----- Listed entries -----
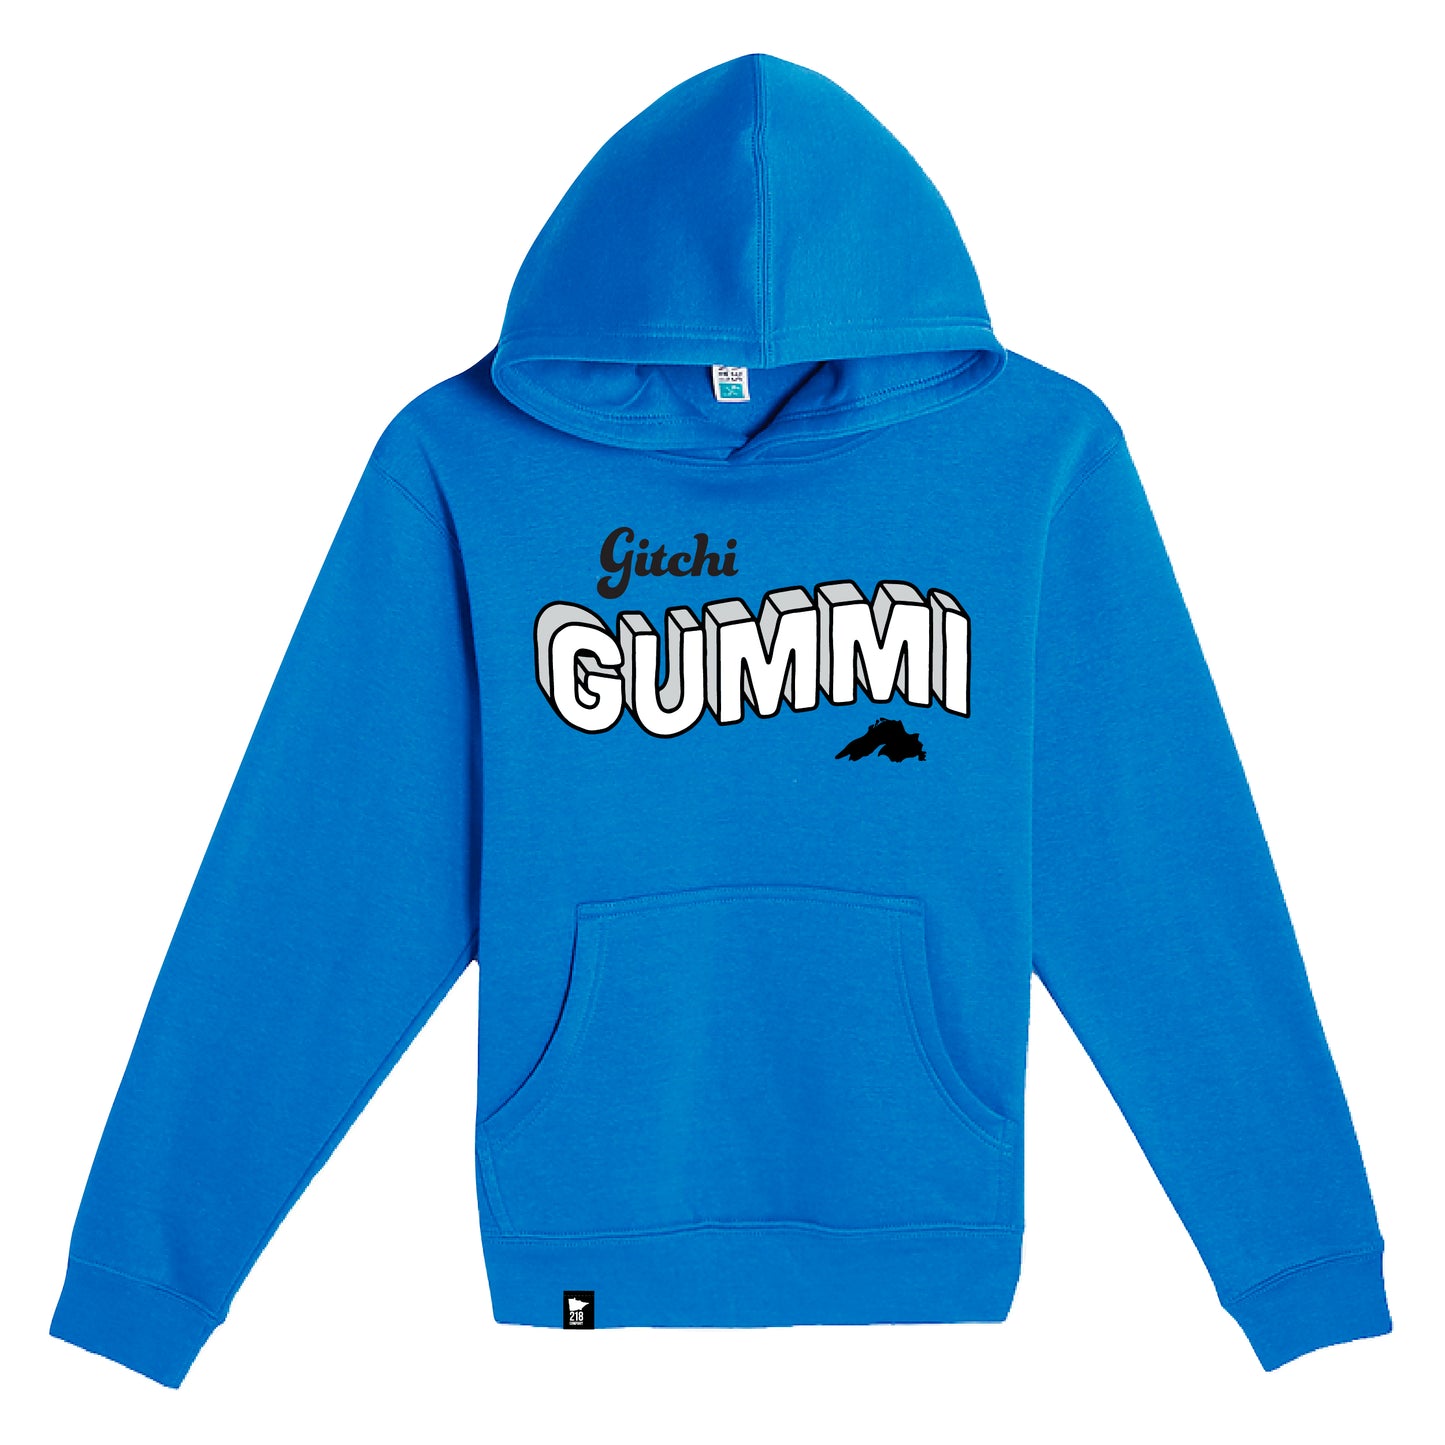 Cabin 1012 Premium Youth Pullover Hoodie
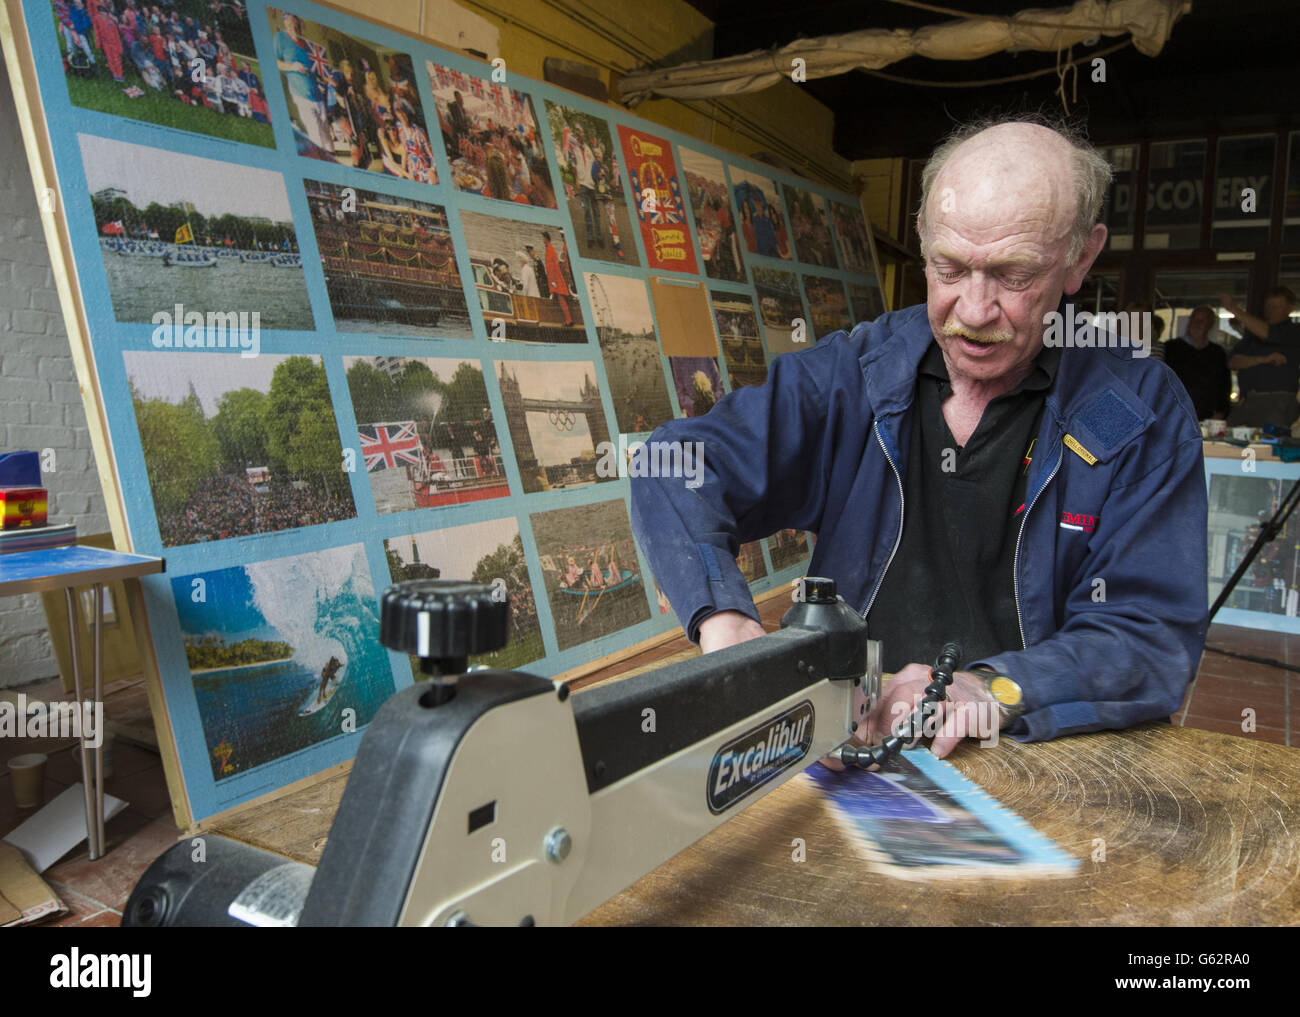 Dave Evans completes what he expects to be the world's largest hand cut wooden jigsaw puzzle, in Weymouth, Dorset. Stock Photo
-----
----- Listed entries -----
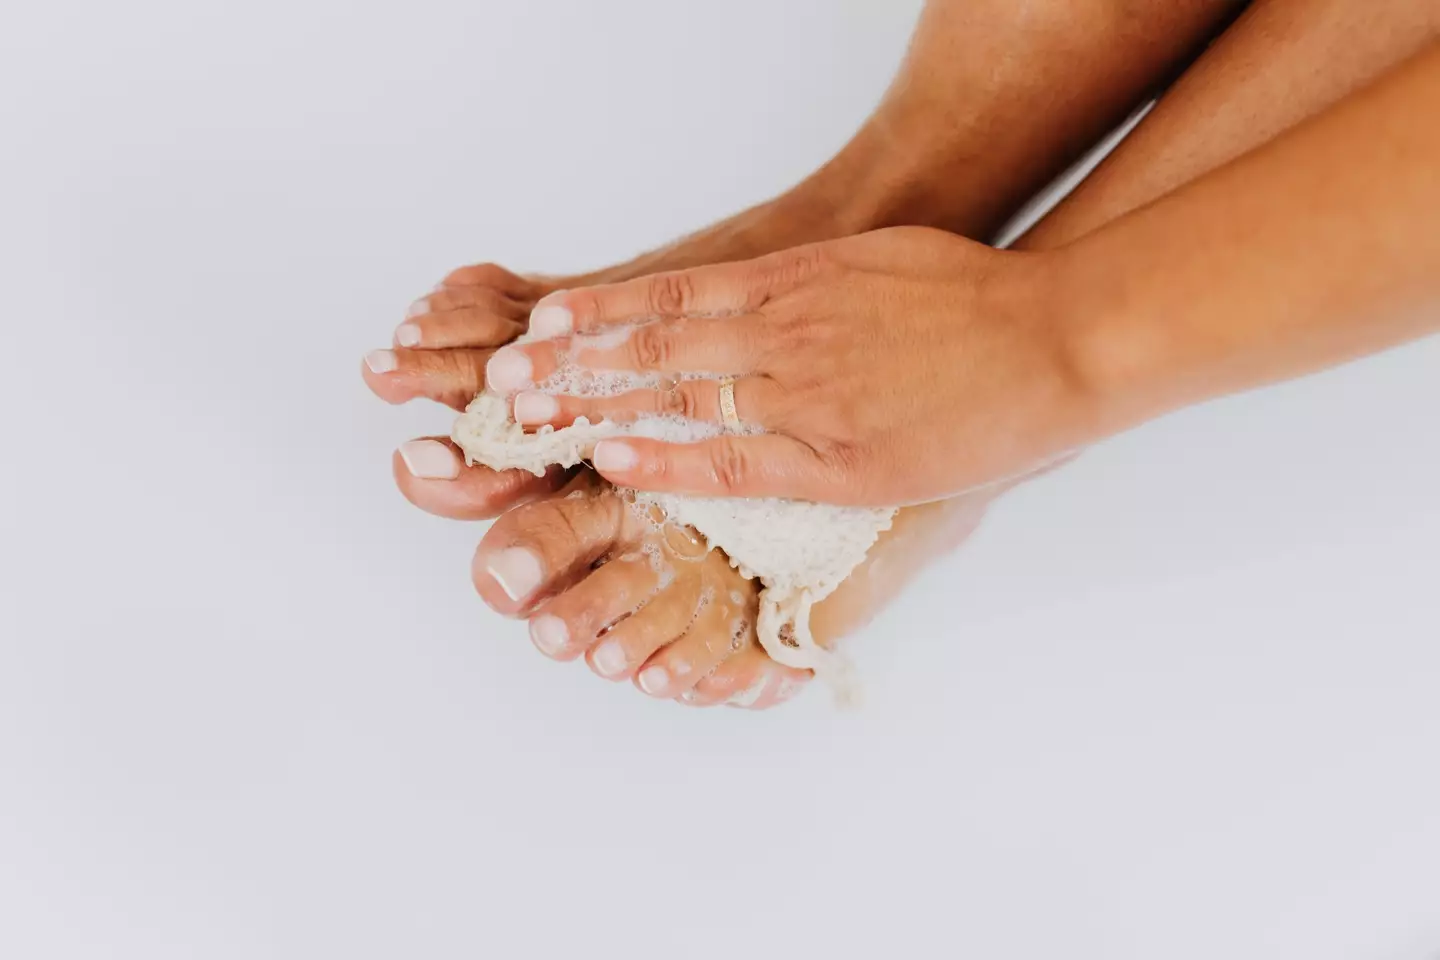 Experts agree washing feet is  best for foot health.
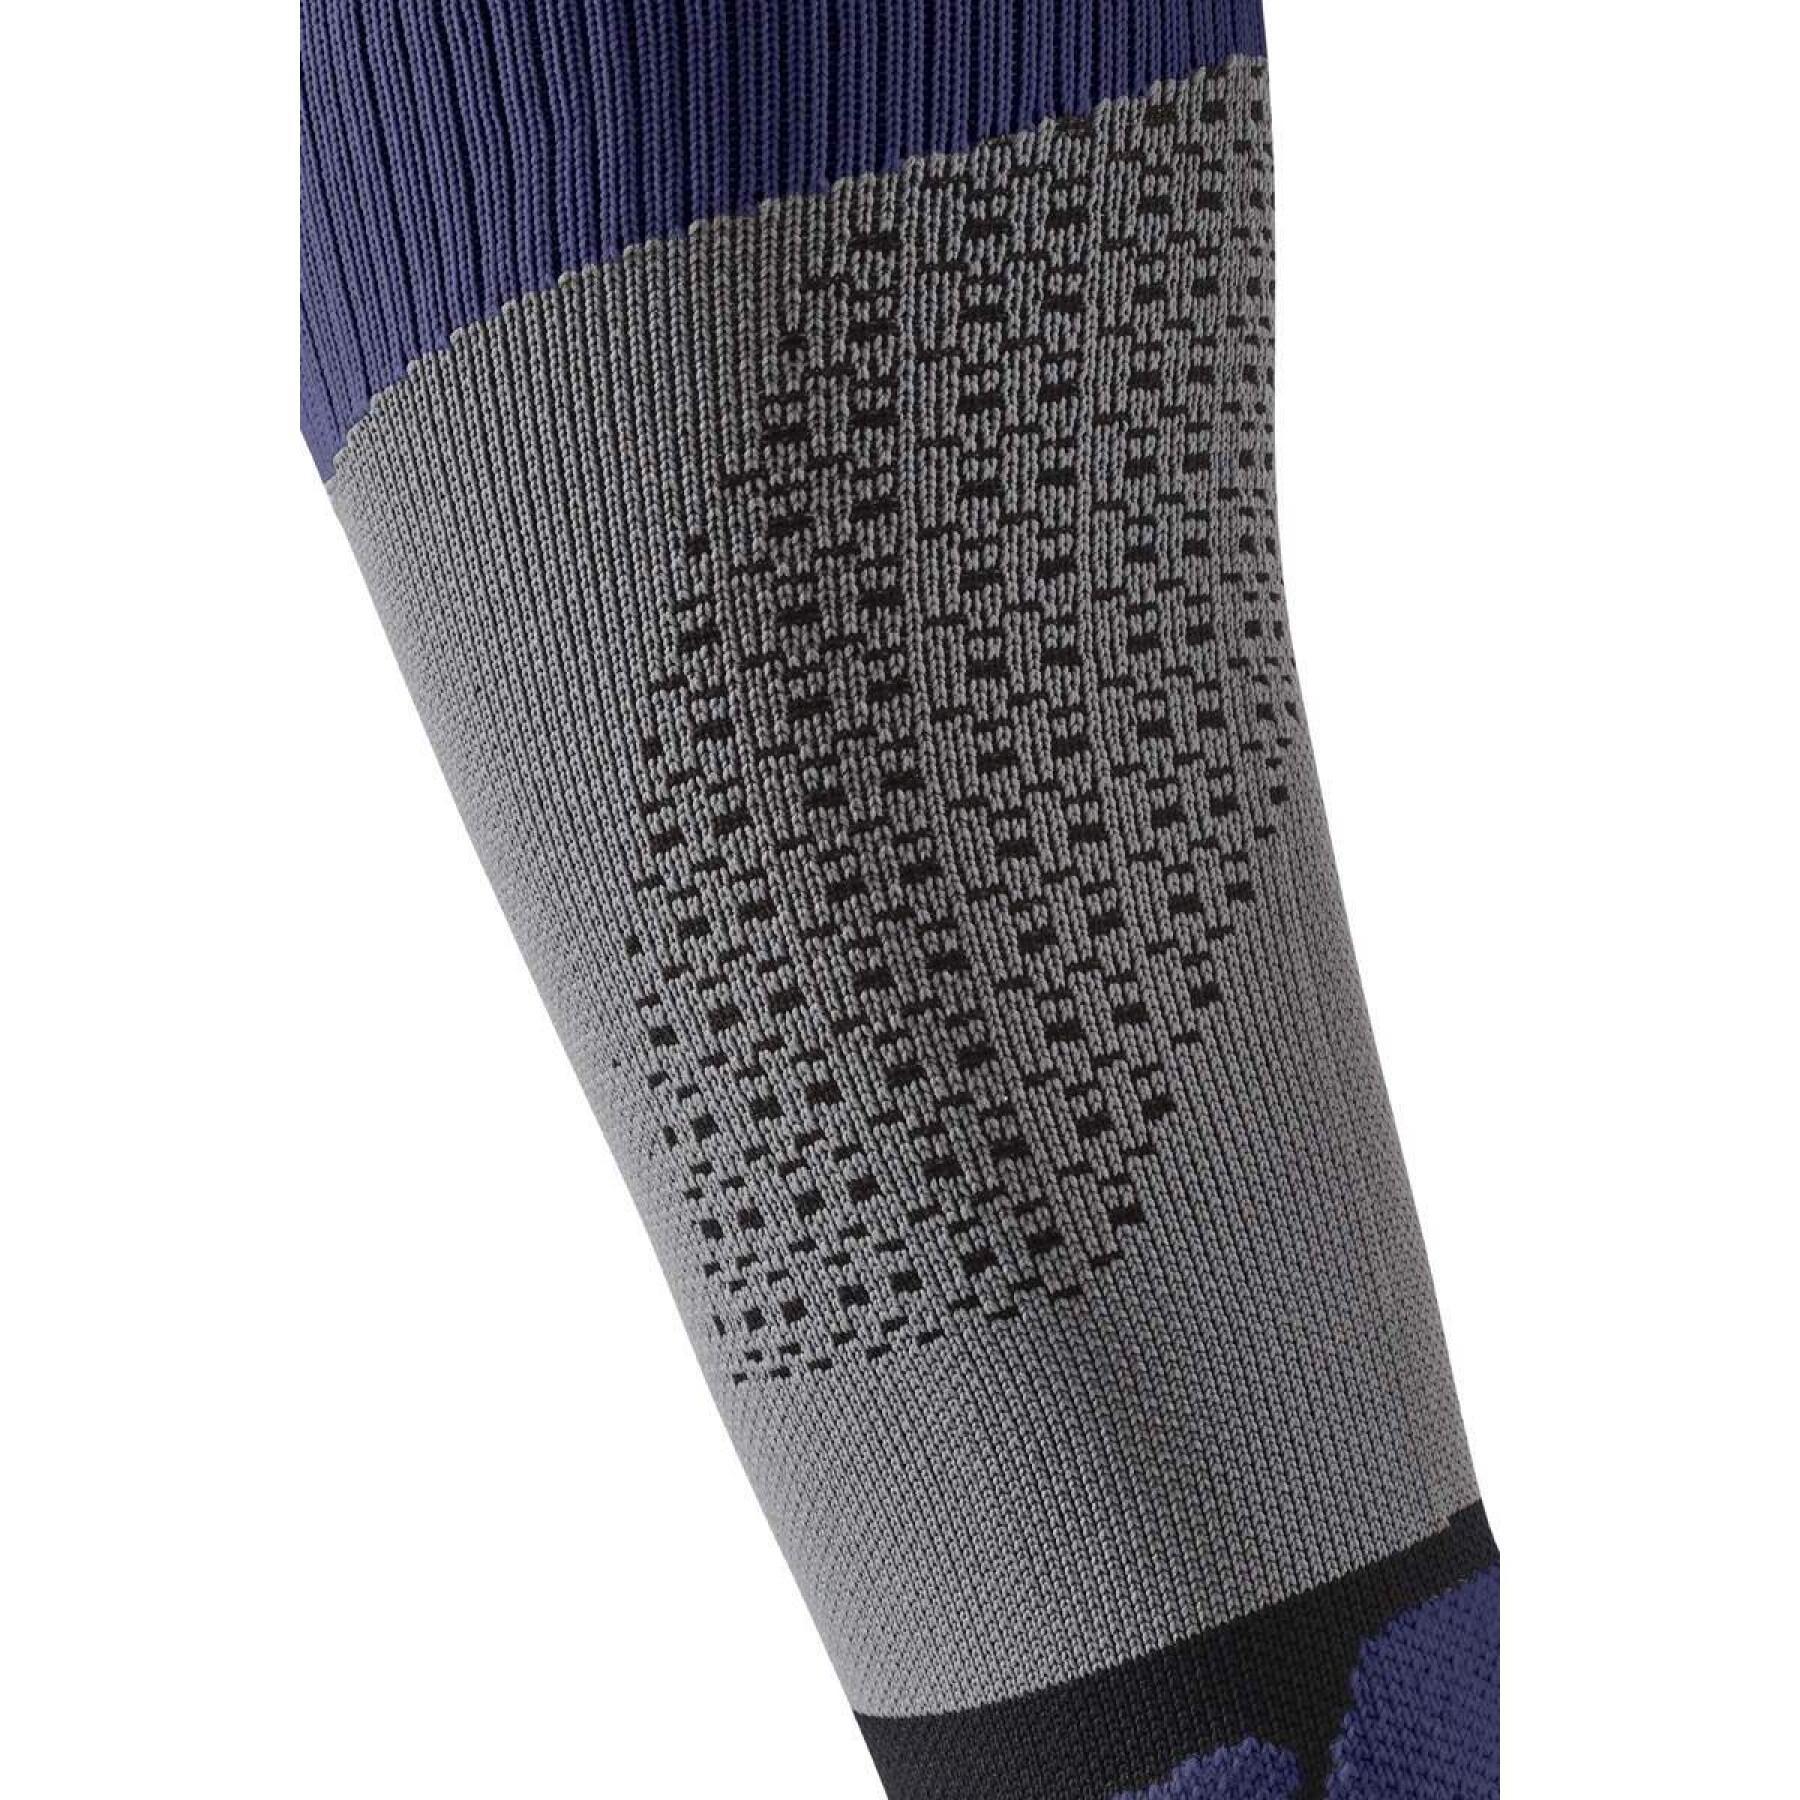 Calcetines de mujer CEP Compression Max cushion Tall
-----
== What you should do ==
Print from the line containing "Cabin 1012 Premium Youth Pullover Hoodie" through the line containing "Dave Evans completes" in the data above, exactly as the lines stand, and omit every picture.

== Exercise response ==
 Cabin 1012 Premium Youth Pullover Hoodie
 Dave Evans completes what he expects to be the world's largest hand cut wooden jigsaw puzzle, in Weymouth, Dorset. Stock Photo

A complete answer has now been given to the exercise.